JMY Investments profile picture
JMY Investments


  • Four biotech companies are pursuing the treatment of spinal cord injury with the use of stem cell transplantation.
  • Each company demonstrated efficacy in pre-clinical studies.
  • The race is in the early stages but InVivo Therapeutics is clearly leading the pack based on its strategic approach to accelerated HDE approval and initial trial results.

There are four small biotech companies vying to develop a new standard of care for spinal cord injury; InVivo Therapeutics (NASDAQ:NVIV), StemCells, Inc. (STEM), Neuralstem, Inc (CUR) and Asterias Biotherapeutics (AST). All four companies use some form of stem cell therapy as part of its overall therapeutic platform. What follows is a comparative analysis of each company.

Spinal Cord Injury Basics

First some spinal cord injury basics to set the foundation. As defined on the Mayo Clinic's website, "A spinal cord injury is damage to any part of the spinal cord or nerves at the end of the spinal canal -- often causing permanent changes in strength, sensation and other body functions below the site of the injury."

Spinal Cord Injury [SCI] comes in two types; complete injury, which means there is no function below the level of injury, and incomplete injury, which means there is some function below the level of injury.

In order to get a better perspective of various injury types and where they occur, below is a graphical picture of the spine and the areas of the body that are influenced:

The standard for determining the extent and severity of a patient's spinal cord injury is the ASIA Impairment Scale (see below).

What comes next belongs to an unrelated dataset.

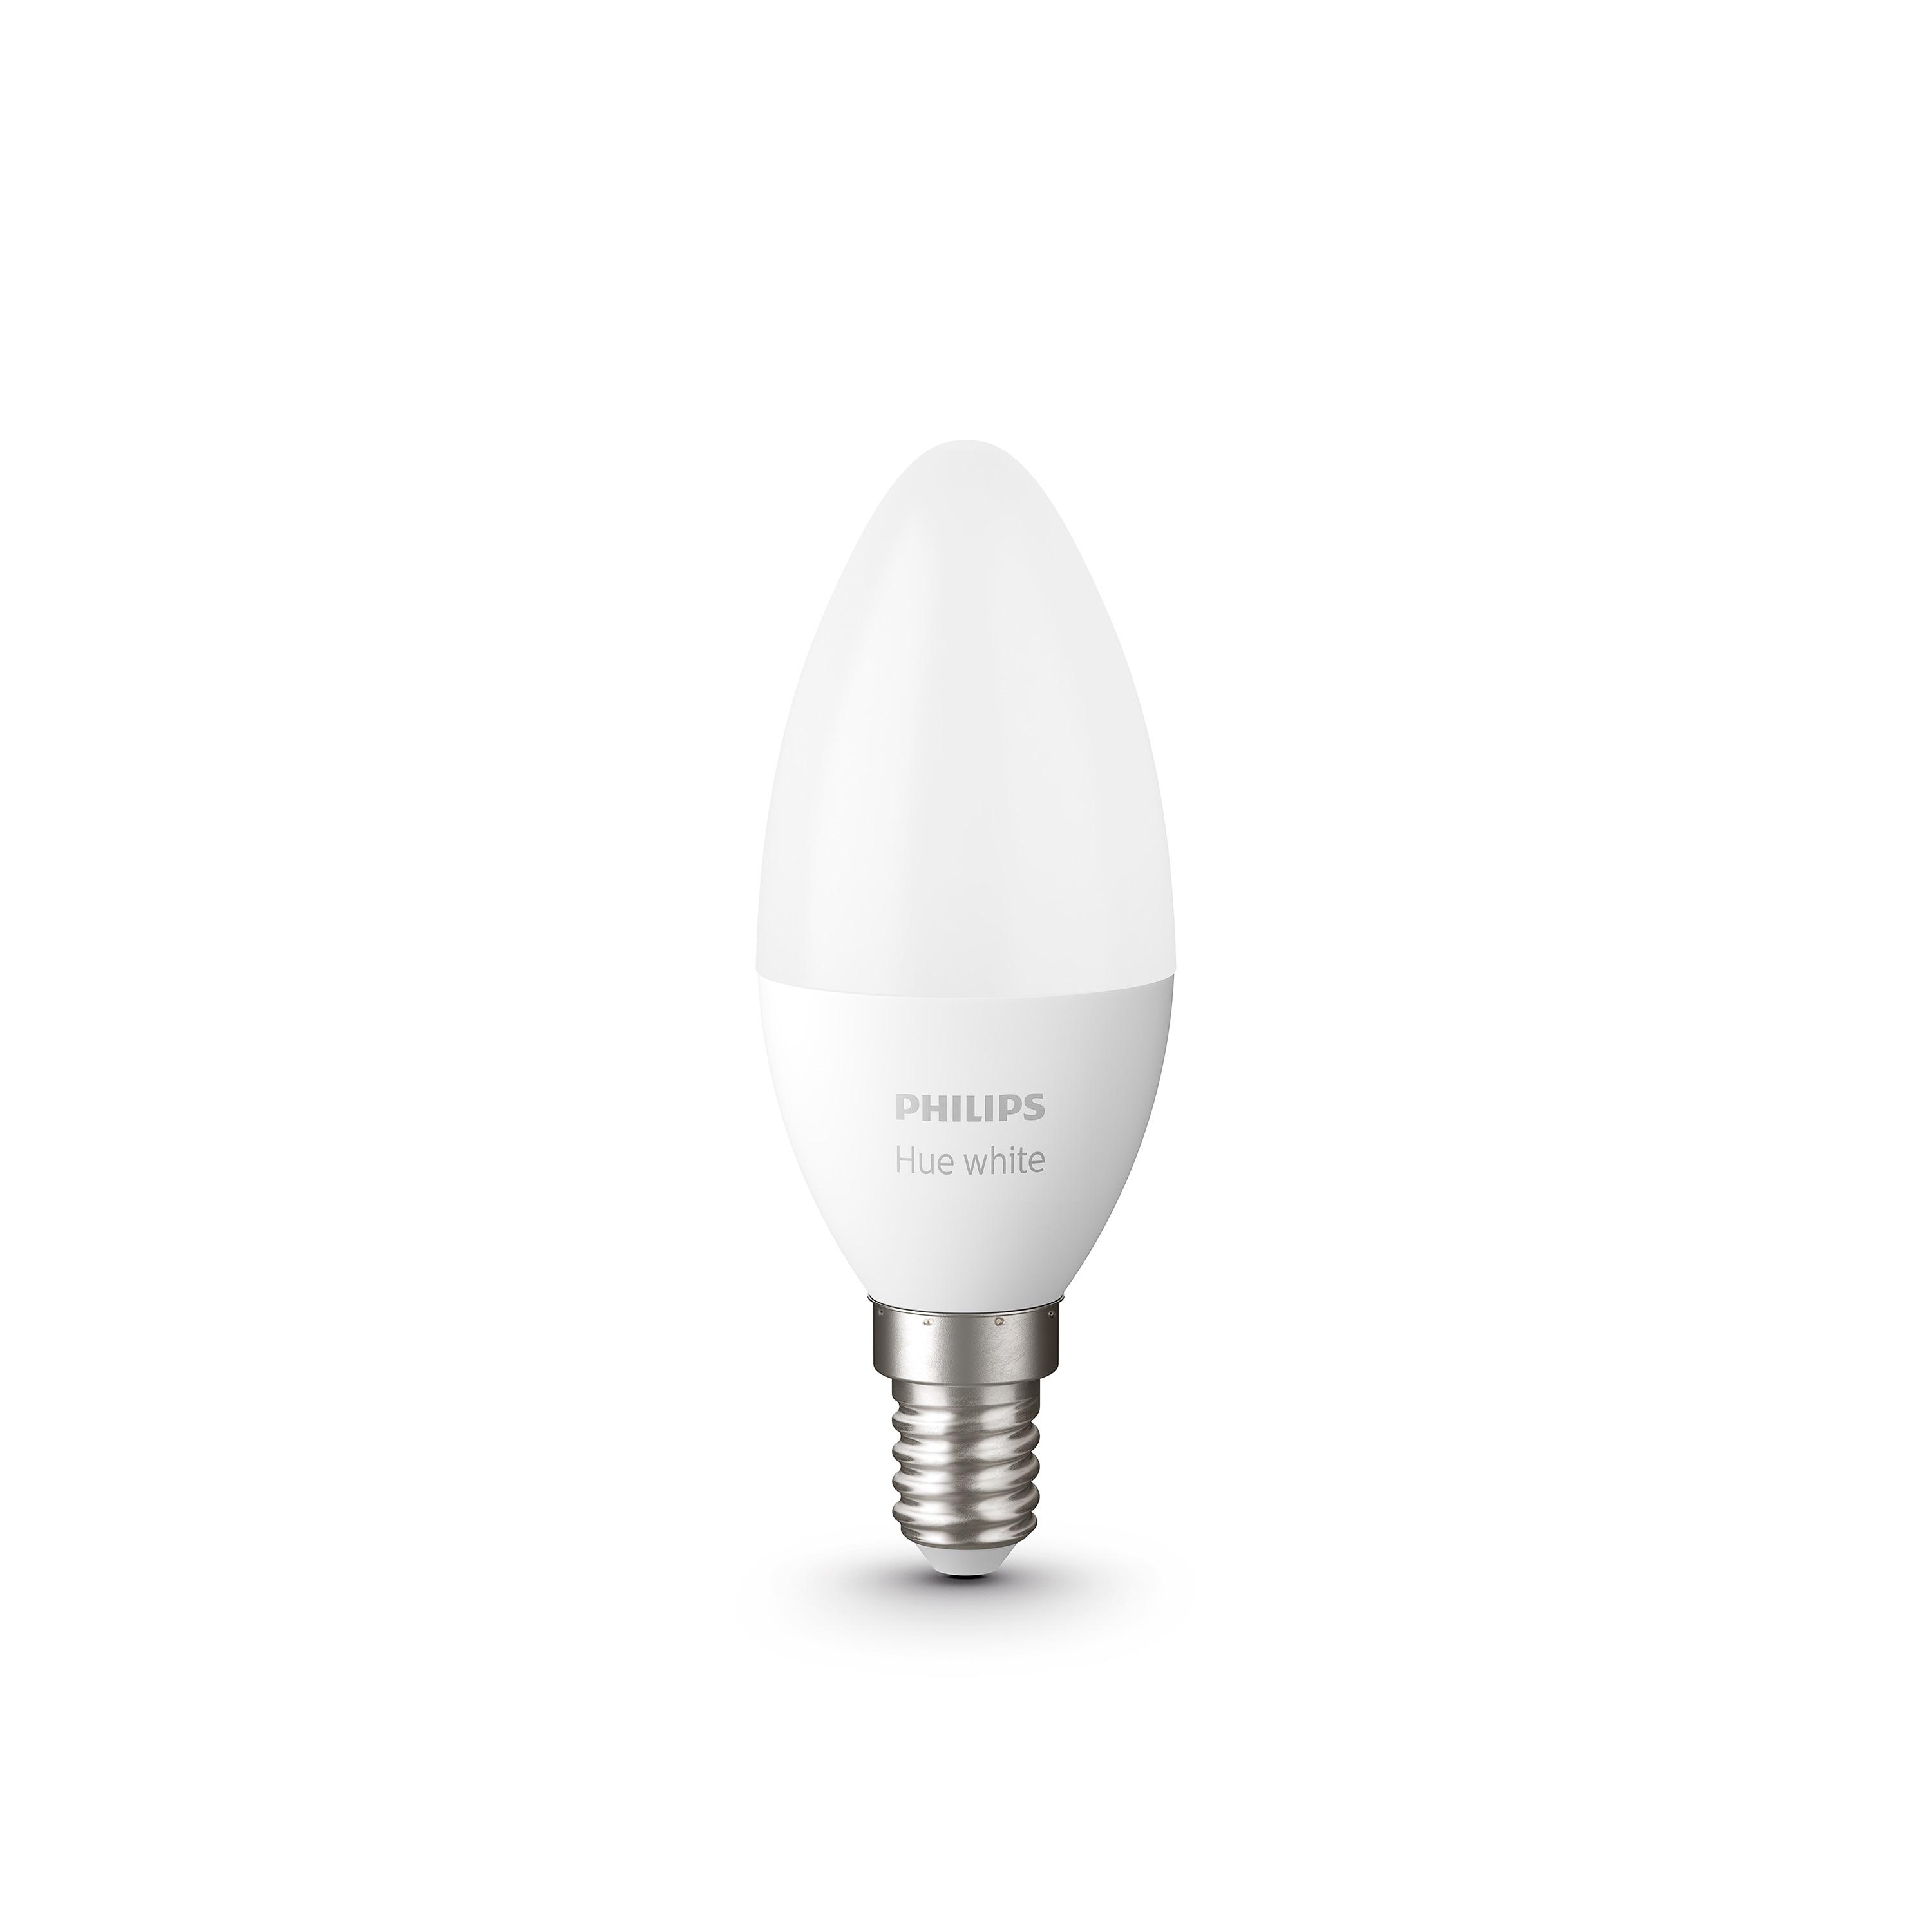 Характеристики светодиодная лампа philips форма свеча Philips Led Hue E14 5.5W(40W) 2700K Bluetooth Dim набор 2 шт (929002039904)

A muscle grade of 3, which is the key distinction between ASIA C and ASIA D, is active movement through full range of motion against gravity.

In an extensive study of thoracic and lumbar injuries, only 22.4% of thoracic (T4-T9) or thoracolumbar (T10-T12) spinal cord injury patients improved one or more ASIA levels. Only 4.1% of ASIA A thoracic/thoracolumbar patients showed neurologic improvements. As you would expect, thoracic patients had the least potential for neurologic improvement.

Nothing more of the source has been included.